Ruddlesden–Popper oxide SrEu2Fe2O7 as a promising symmetrical electrode for pure CO2 electrolysis

Abstract

Nowadays, effective utilization of CO₂ has been a worldwide issue. Among numerous CO₂ conversion devices, solid oxide electrolysis cells (SOECs) have drawn special attention due to their high energy conversion efficiency, great potential in carbon cycling, and low environmental impacts. Compared with the typical ones taking asymmetrical configuration, symmetrical SOECs adapting the same oxide materials as both the cathode and anode have the advantages of simplified fabrication procedures, reduced processing costs and minimized compatibility issues. As the appropriate sites for CO₂ conversion, cathodes play the key role in determining the performance of symmetrical SOECs, and thus, attract more attention to improve their electrocatalytic behaviors and endurance via exploring novel materials. In this work, Eu-doped Ruddlesden–Popper (R–P) oxide, SrEu₂Fe₂O₇ (SEF), is applied as an electrode material for symmetrical SOECs to directly electrolyze pure CO₂. The outstanding structural stability and excellent electrochemical activity of the SEF electrode under both oxidizing and reducing atmospheres are demonstrated, and relatively low polarization resistances of 0.07 Ω cm² in air and 0.48 Ω cm² in 2CO₂–CO mixtures at 800 °C are observed.
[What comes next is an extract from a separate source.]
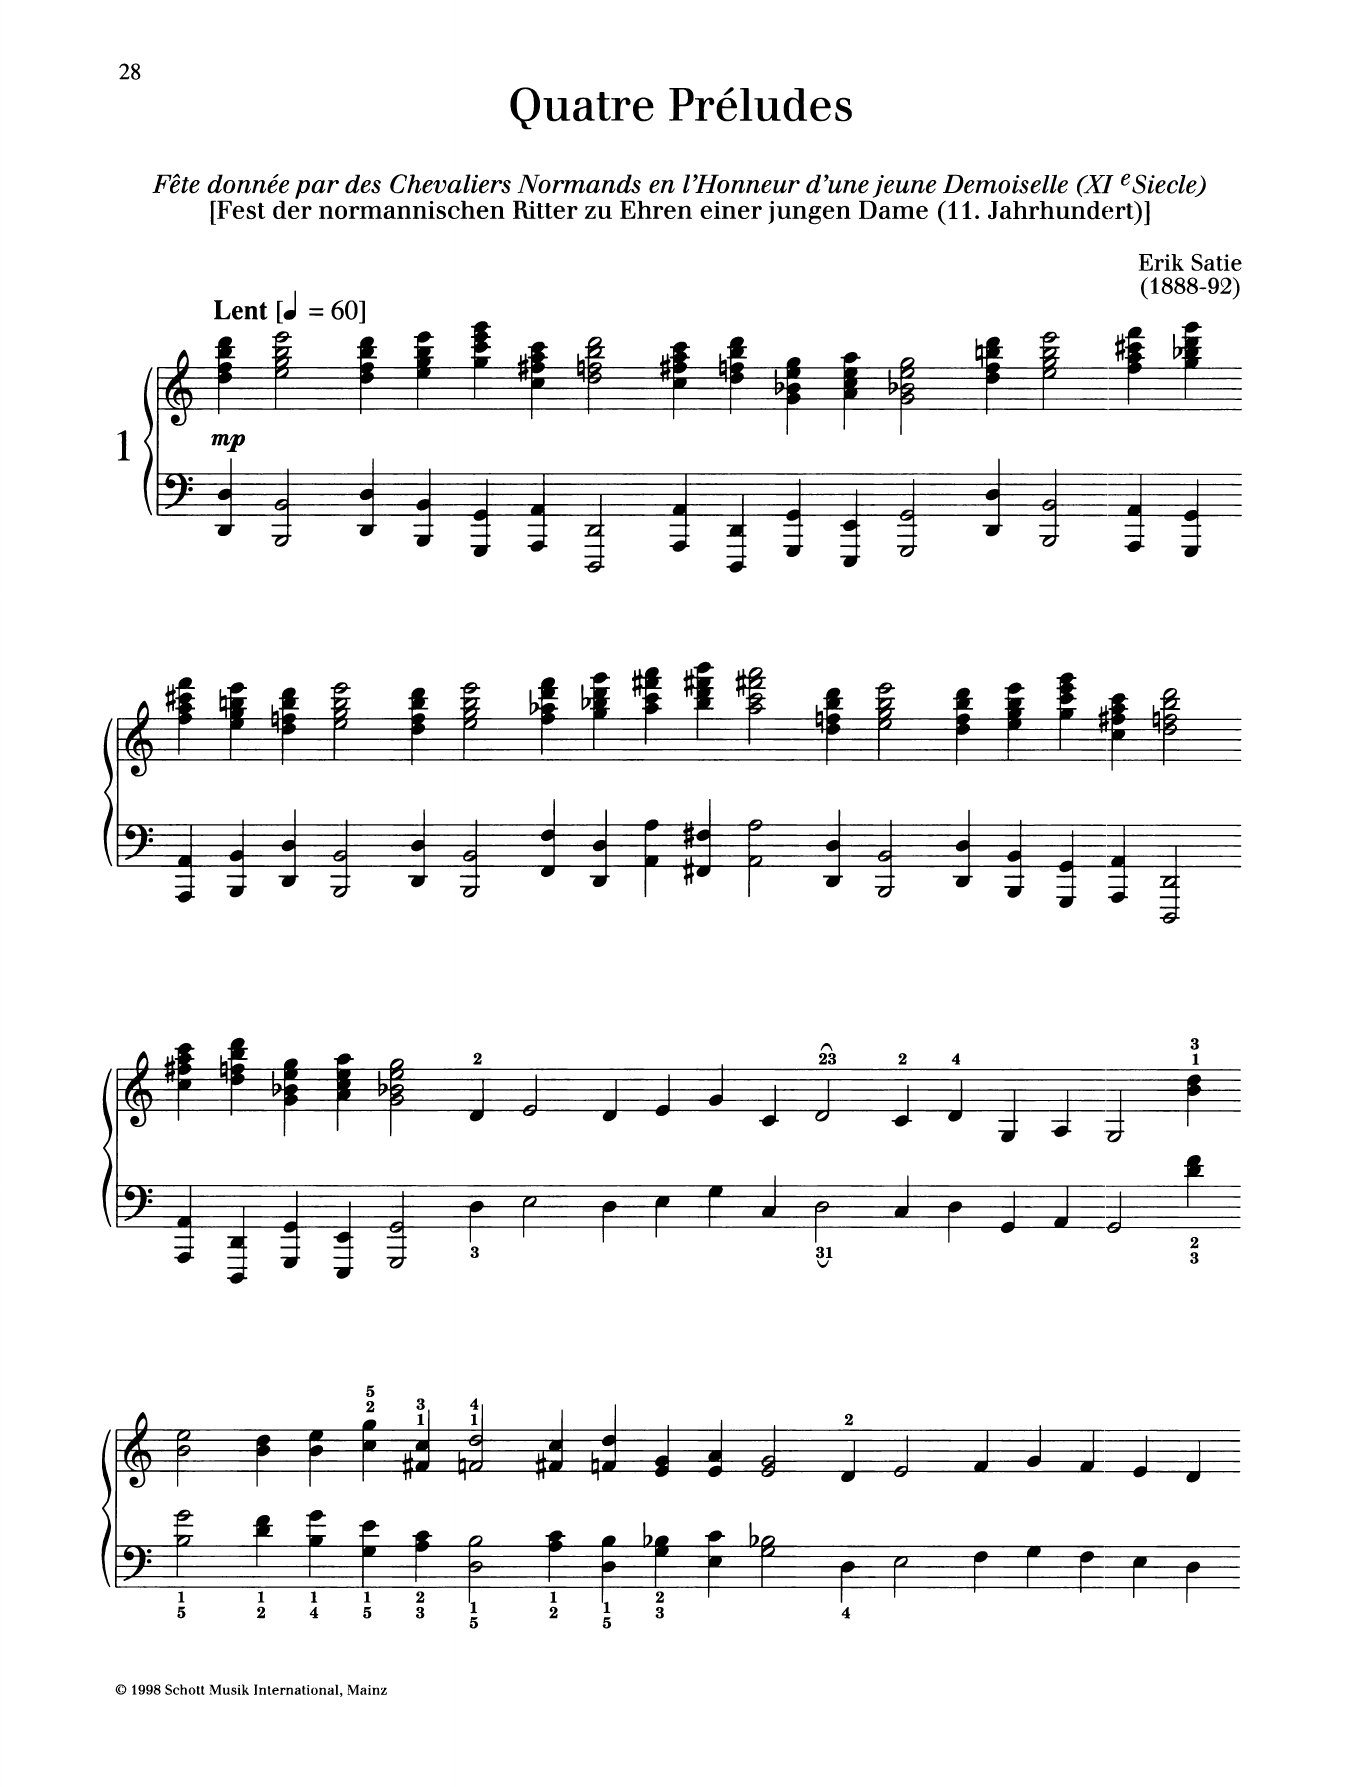 Download Erik Satie Fete donnee par des Chevaliers Normands Sheet Music

A great current density of 1.27 A cm⁻² at an applied voltage of 1.5 V and 800 °C is achieved on this symmetrical SOEC. An extremely low polarization resistance of 0.27 Ω cm² is also observed under open circuit conditions. Further, the symmetrical button cell has demonstrated excellent stability within 260 h of the long-term CO₂ electrolysis test.